#### WHAT YOU ARE ASKED TO DO:
Look below for the line holding "Summer at Coney Island" and the line holding "Retro 21.78 Carat". Repeat those two and everything between, exactly.

#### INPUT DATA:
--
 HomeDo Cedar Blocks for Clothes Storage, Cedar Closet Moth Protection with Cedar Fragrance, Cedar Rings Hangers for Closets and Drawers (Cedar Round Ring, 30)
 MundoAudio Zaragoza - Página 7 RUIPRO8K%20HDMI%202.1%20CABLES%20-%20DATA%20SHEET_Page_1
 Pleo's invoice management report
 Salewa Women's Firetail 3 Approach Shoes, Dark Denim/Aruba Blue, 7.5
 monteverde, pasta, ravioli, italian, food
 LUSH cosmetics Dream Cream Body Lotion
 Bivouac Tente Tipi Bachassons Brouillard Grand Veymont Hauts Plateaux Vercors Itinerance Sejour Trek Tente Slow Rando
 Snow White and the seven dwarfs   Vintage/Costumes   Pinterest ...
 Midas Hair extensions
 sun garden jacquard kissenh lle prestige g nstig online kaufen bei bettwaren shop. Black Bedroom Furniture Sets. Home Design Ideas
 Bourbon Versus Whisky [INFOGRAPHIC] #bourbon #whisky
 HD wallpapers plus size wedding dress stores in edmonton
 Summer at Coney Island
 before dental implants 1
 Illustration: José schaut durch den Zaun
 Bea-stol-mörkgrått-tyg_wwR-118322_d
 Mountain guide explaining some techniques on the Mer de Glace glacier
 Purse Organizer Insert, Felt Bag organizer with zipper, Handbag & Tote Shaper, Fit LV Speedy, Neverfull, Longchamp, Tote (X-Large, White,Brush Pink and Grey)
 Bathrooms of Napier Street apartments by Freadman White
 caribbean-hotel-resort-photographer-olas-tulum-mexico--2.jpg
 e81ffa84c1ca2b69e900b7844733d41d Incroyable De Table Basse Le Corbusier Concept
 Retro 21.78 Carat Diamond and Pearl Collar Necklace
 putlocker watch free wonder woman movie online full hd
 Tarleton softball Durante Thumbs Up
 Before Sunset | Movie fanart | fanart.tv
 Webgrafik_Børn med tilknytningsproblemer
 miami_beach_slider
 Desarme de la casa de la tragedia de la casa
--
#### OUTPUT OF THE EXERCISE:
 Summer at Coney Island
 before dental implants 1
 Illustration: José schaut durch den Zaun
 Bea-stol-mörkgrått-tyg_wwR-118322_d
 Mountain guide explaining some techniques on the Mer de Glace glacier
 Purse Organizer Insert, Felt Bag organizer with zipper, Handbag & Tote Shaper, Fit LV Speedy, Neverfull, Longchamp, Tote (X-Large, White,Brush Pink and Grey)
 Bathrooms of Napier Street apartments by Freadman White
 caribbean-hotel-resort-photographer-olas-tulum-mexico--2.jpg
 e81ffa84c1ca2b69e900b7844733d41d Incroyable De Table Basse Le Corbusier Concept
 Retro 21.78 Carat Diamond and Pearl Collar Necklace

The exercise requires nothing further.